I don't think any of that will be relevant if you're going to be executing the code some other way; not sure if you're just testing and debugging the generated code in SQL*Plus and will eventually execute it elsewhere (lack of knowledge of Linq again), in which case this may be a transitory problem anyway.

I'm also not sure what you're actually escaping anyway...

Alex Poole
Alex, I got the auto-generated code, and tested it myself in each database. I was indeed surprised to see different output for the same SQL command, considering the tables were exactly the same too (they were created using the same script). I tried “show escape” on both, and got “escape off” on both. Thank you for your suggestion to check this setting, It would be nice to know about some setting that is causing this different behavior! But, for my situation and for now, the problem is solved :)
naruu
I was using Linq to use the ORM (Telerik OpenAccess). The ORM uses my C# and Linq, and generates SQL code to handle the databases. The escape was auto-generated for a search function. (I’m not sure why, but possibly it could have been to protect against special characters or something... it was a web application project.)
naruu
+1  A: 

Does it fail for every input or just specific strings? The problem may not be with the query, but with the input. If there is an odd number of backslashes, Oracle may try to escape something that shouldn't need an escape.

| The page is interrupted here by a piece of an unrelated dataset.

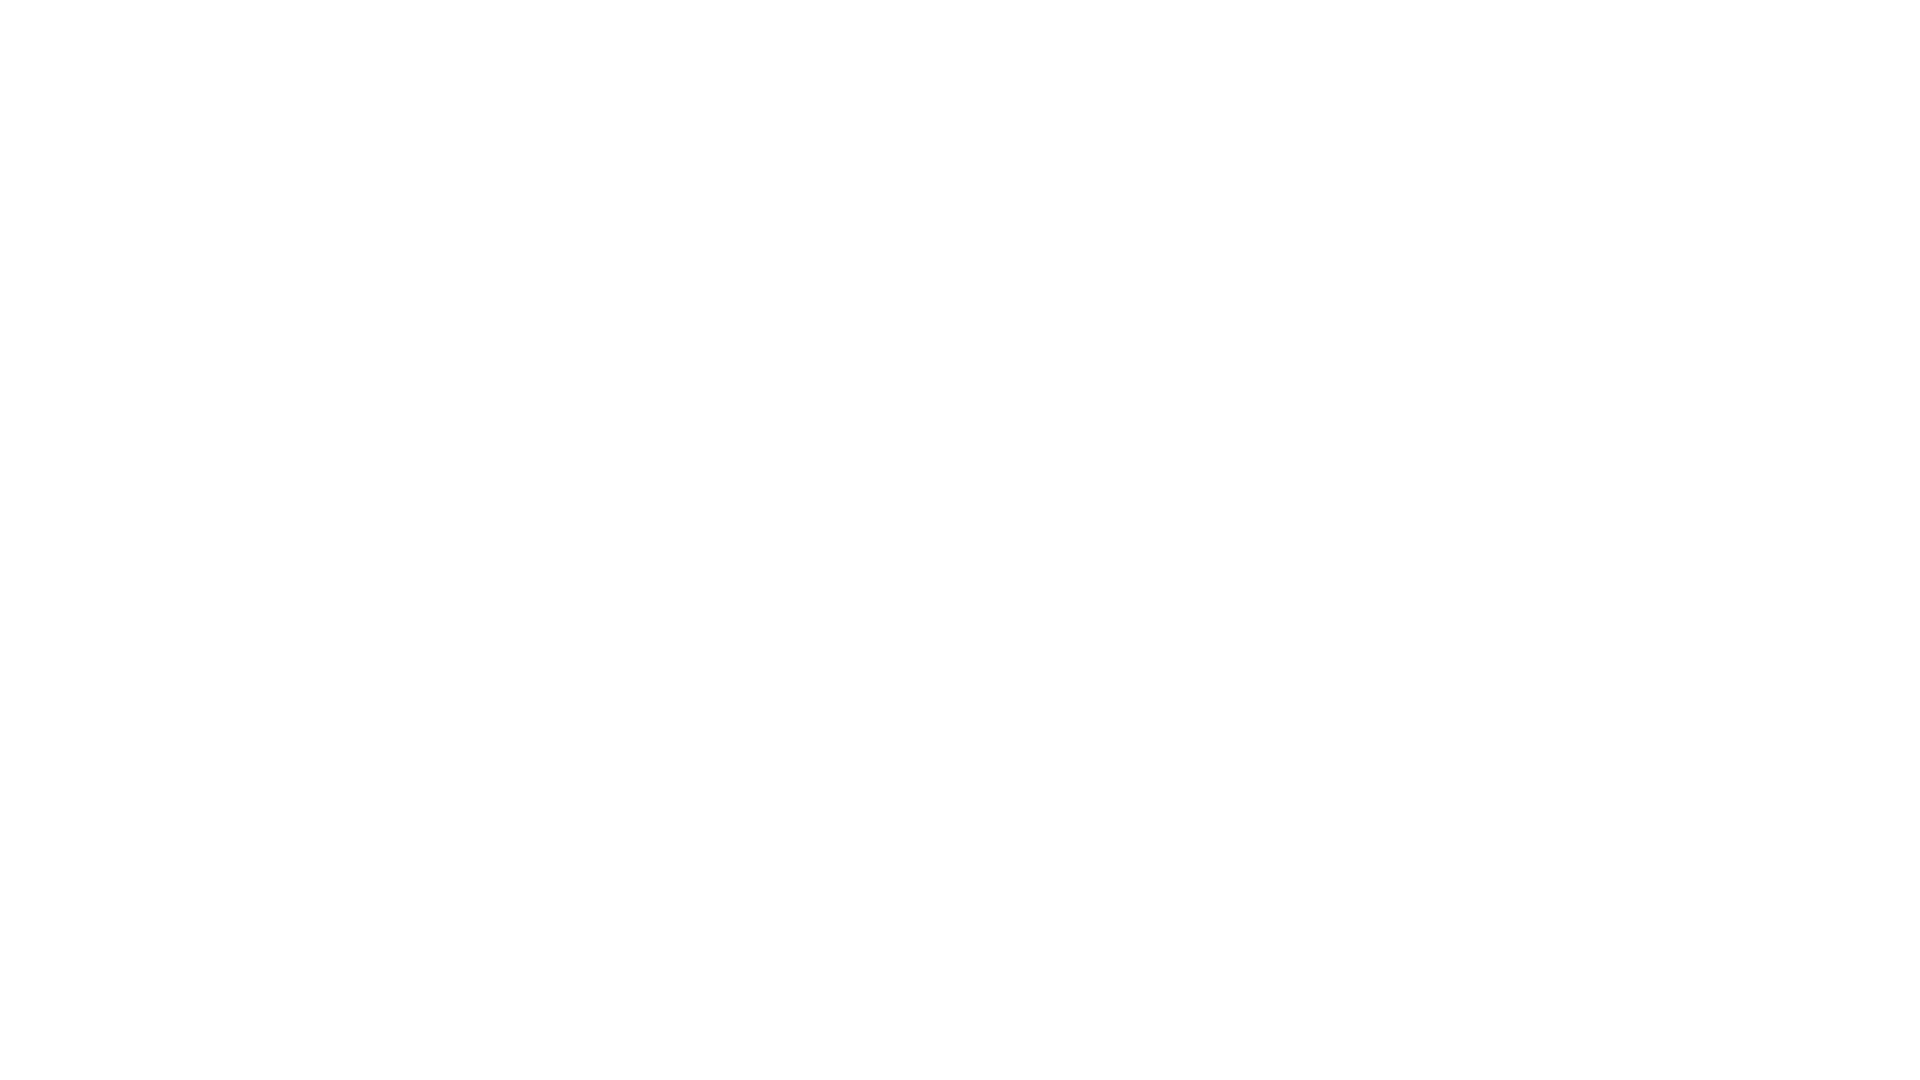 Urban One - Representing Black America

For example, this works because it's escaping the '%':

select * from dual  where 'test' like '%'||'\'||'%' escape '\';

But this fails because it's trying to escape 'a', which doesn't need escaping:

select * from dual  where 'test' like '%'||'\a'||'%' escape '\';

Can you modify the string before it's passed to the function and fix odd backslashes?

jonearles
It doesn't look like it's getting as far as the someText string. The error (particularly the empty `''`) suggests the backslash is being treated as an escape character already and is being lost before the query itself is parsed.
Alex Poole
I think you're right. I just noticed my code generates ORA-01424, not ORA-01425.
jonearles
Thank you jonearles for the suggestion! However, it was a nvarchar2 field issue only. select * from dual where 'dummy' like '%' escape '\';works on both because the field ‘dummy’ is varchar2.
naruu
A: 

In case anyone stops by with the same problem... My issue was that I was dealing with “NVARCHAR2” fields. I received help with this issue in the oracle forums :)

This query: select * from dual where 'dummy' like '%' escape '\';

works on both because the field ‘dummy’ is varchar2. If it were nvarchar2, the part of the query that could (only possibly!) cause problems would be the “escape '\'” part (my oracle 9i wants escape ‘\’, my oracle 10g wants ‘\\’).

To overcome the problem, instead of using the ORM’s autogenerated code, I have written a stored procedure (only when I’m searching for strings), where I handle nvarchar2 fields like this: where TableName.ColumnName like N'%' || ‘someText’ || N'%' escape N'\'

And it’s working fine :)

That doesn’t explain, however, how having the same NVARCHAR2 columns, and the same SQL queries, they were handled differently by the two oracle servers (the 10g express on my local PC and the 9i) – that remains a question. So for anyone running into similar problems, it may be good to know if it’s a nvarchar2 issue (I had no idea it could be a problem), and try working around it.